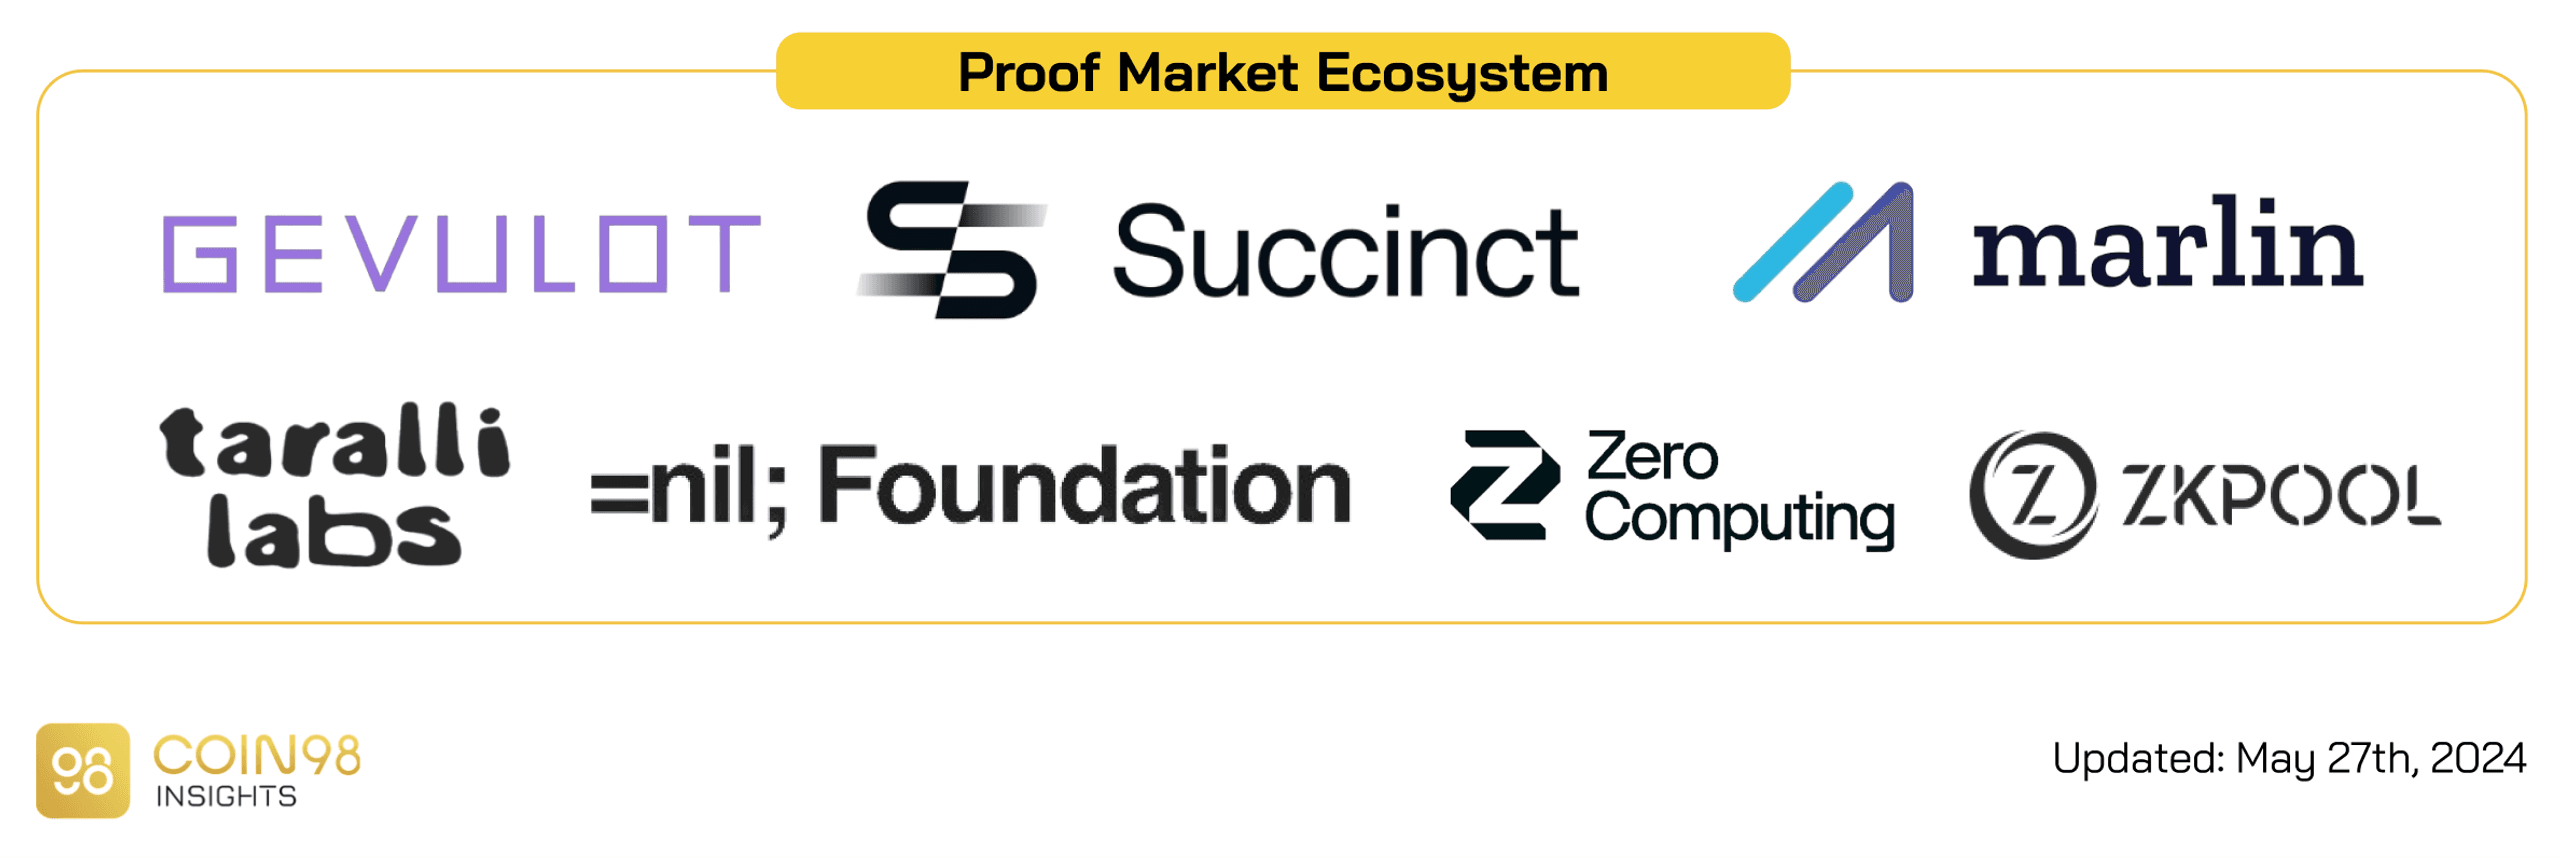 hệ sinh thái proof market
==
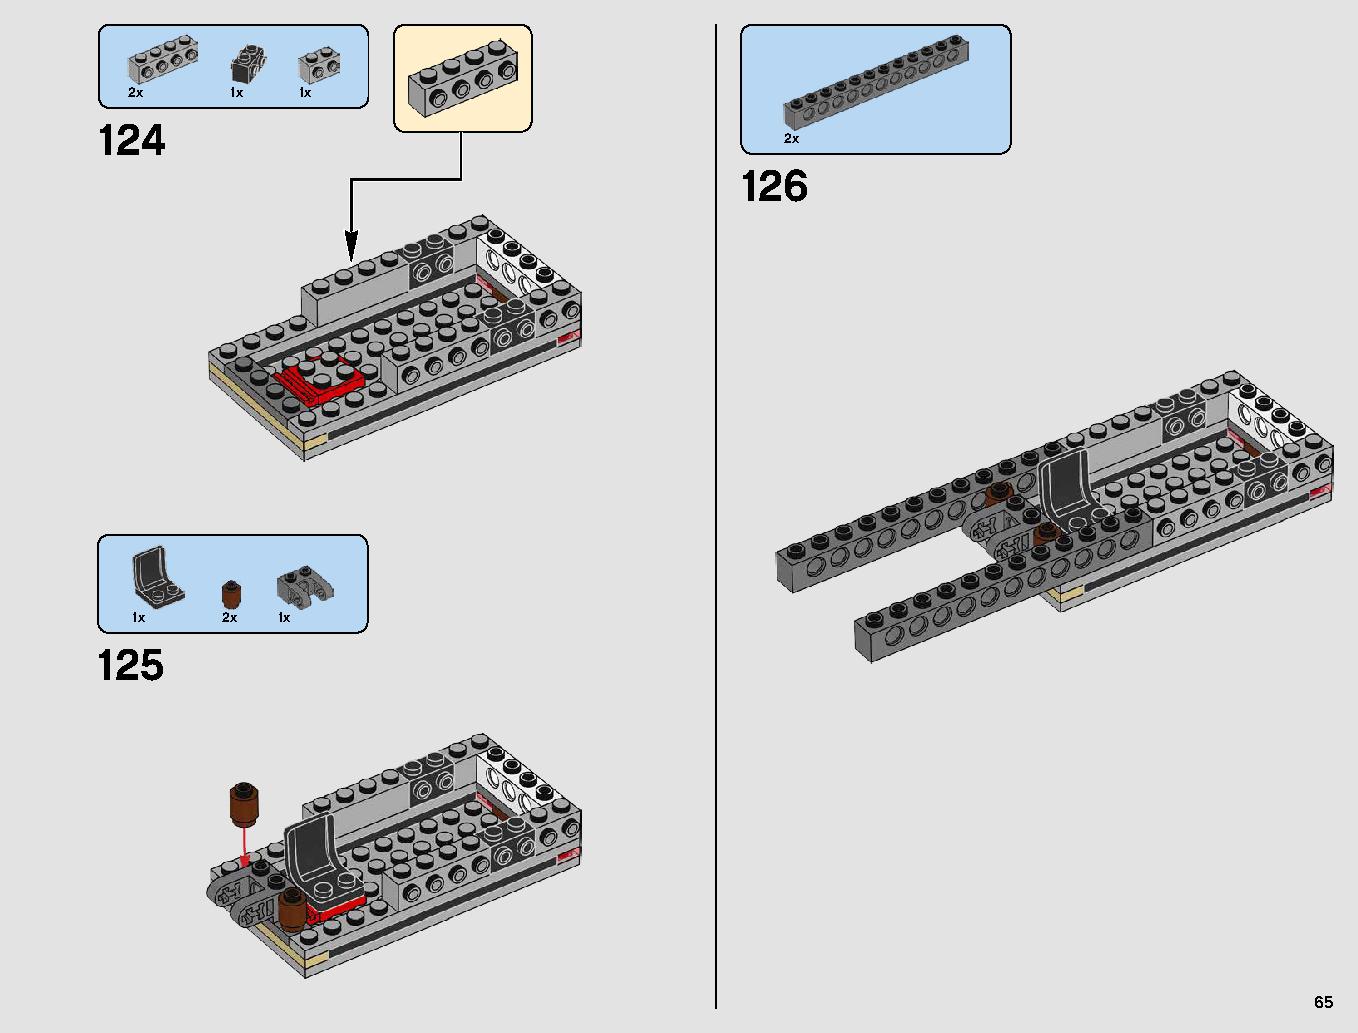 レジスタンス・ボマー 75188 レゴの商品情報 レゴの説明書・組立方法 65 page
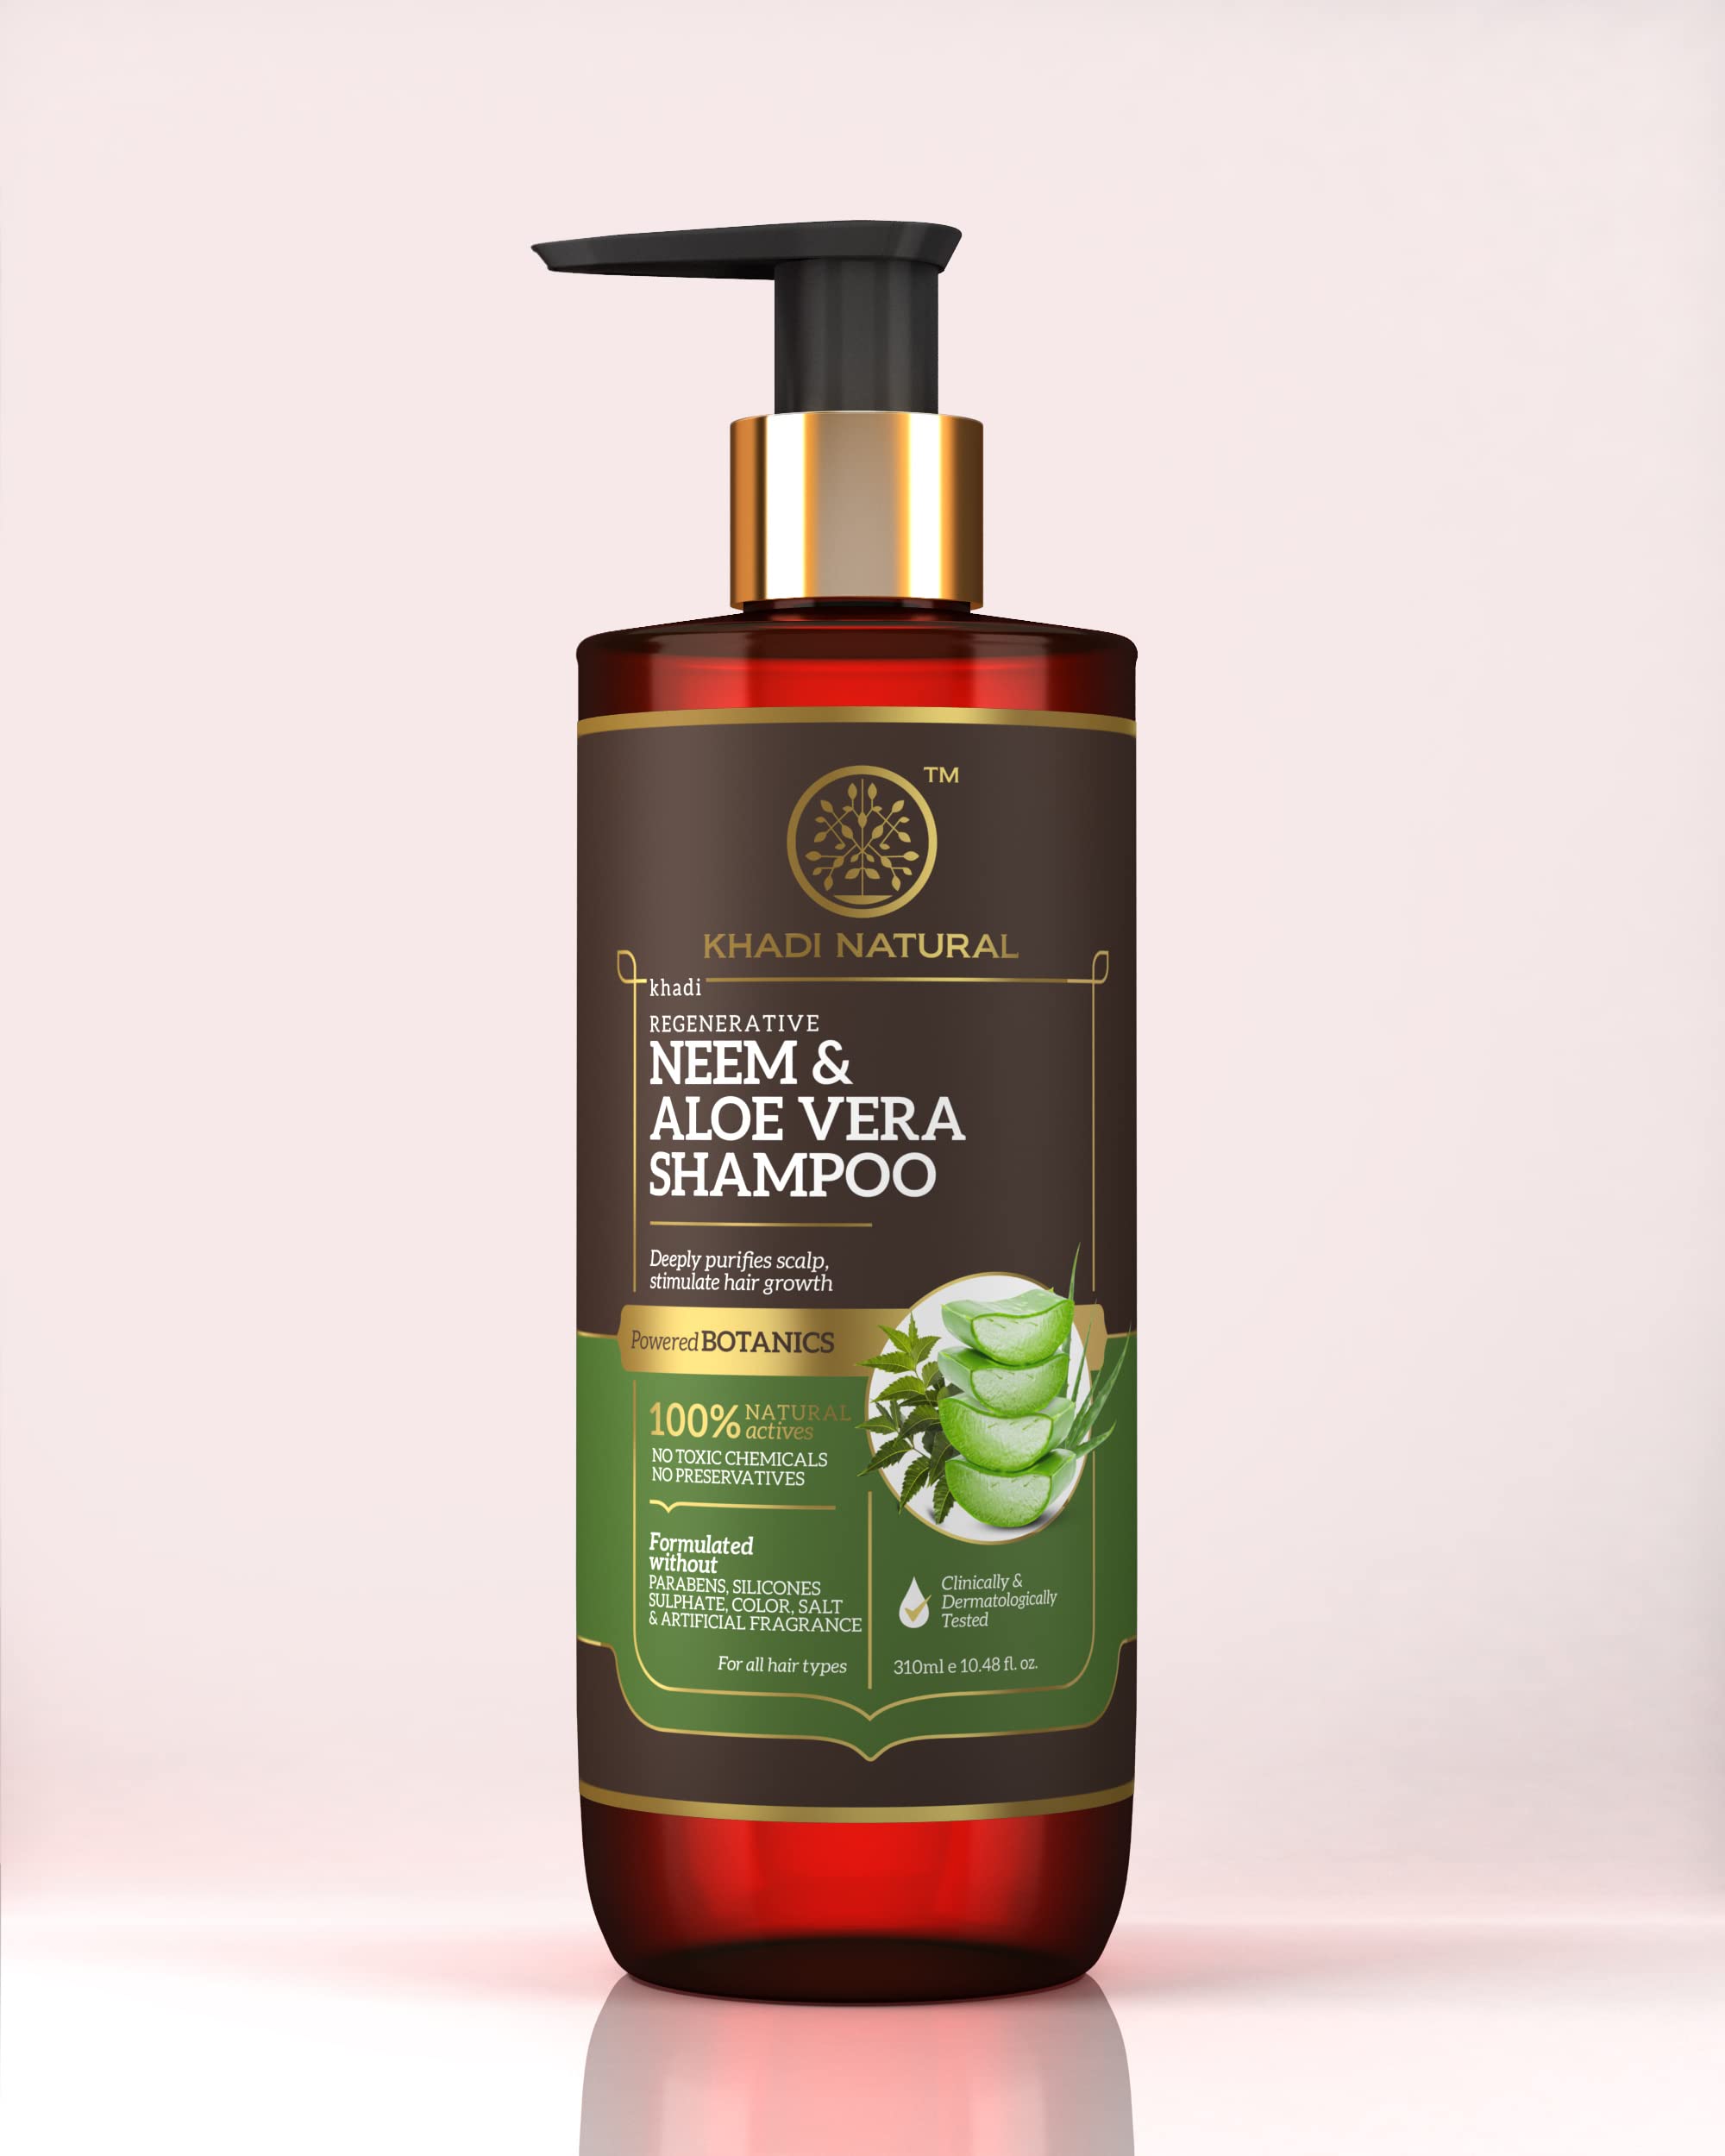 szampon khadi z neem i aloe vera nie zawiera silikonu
--
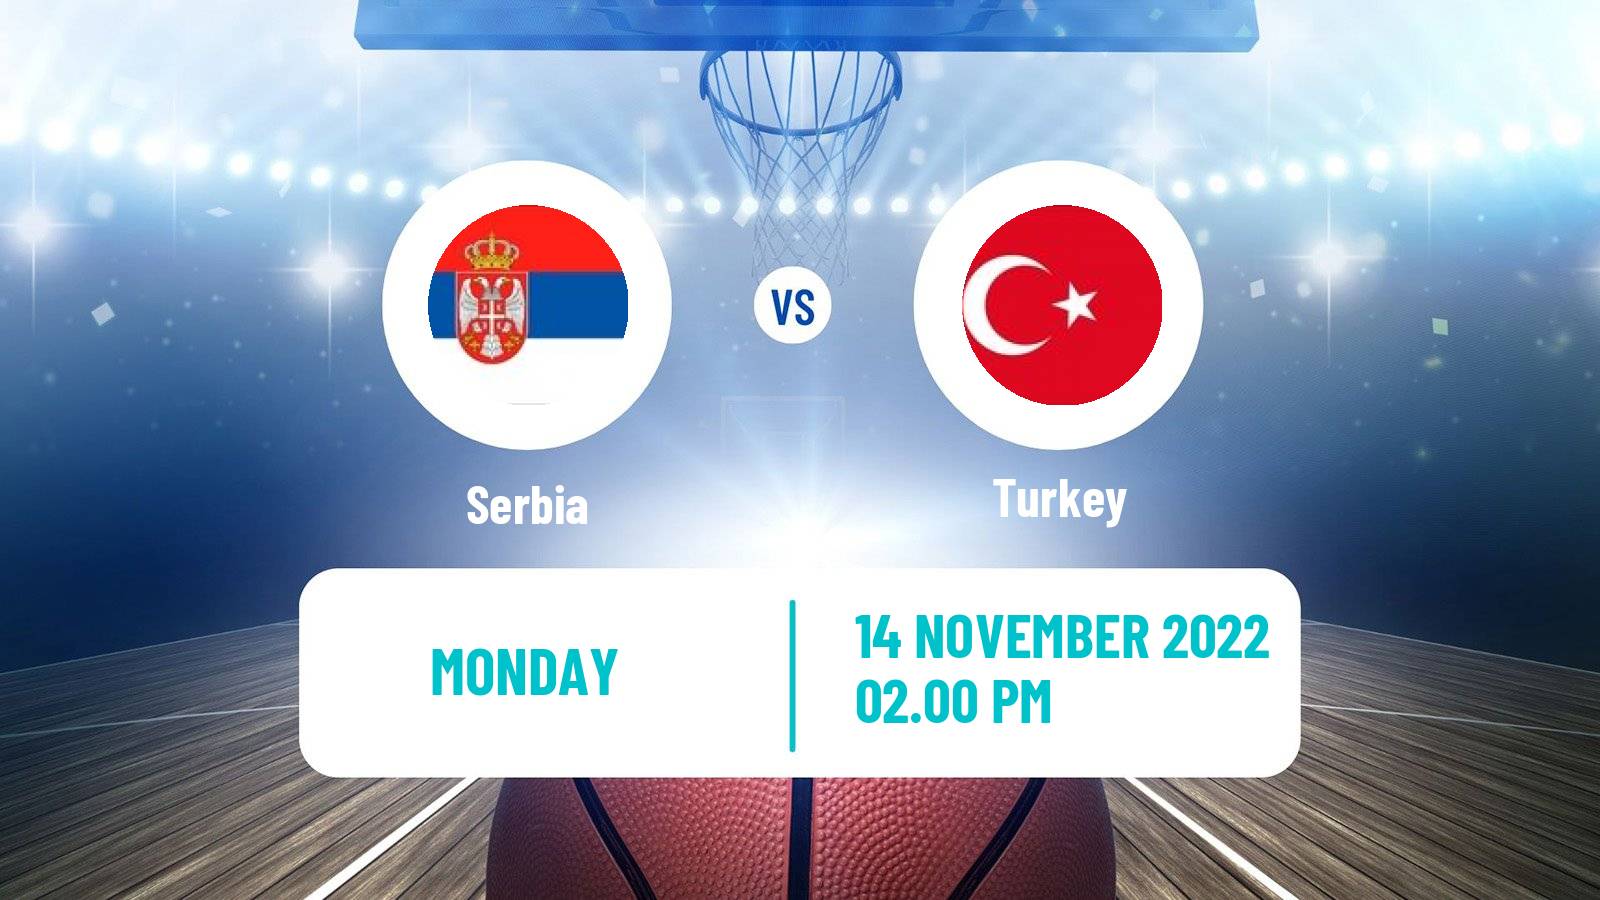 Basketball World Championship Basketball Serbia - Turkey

WHAT THE TASK REQUIRES >> Transcribe, exactly and without pictures, everything in the data from the line with "レジスタンス・ボマー 75188 レゴの商品情報 レゴの説明書・組立方法 65 page" down to the line with "szampon khadi z", both included.

ANSWER FOR THIS EXERCISE >>
 レジスタンス・ボマー 75188 レゴの商品情報 レゴの説明書・組立方法 65 page
 szampon khadi z neem i aloe vera nie zawiera silikonu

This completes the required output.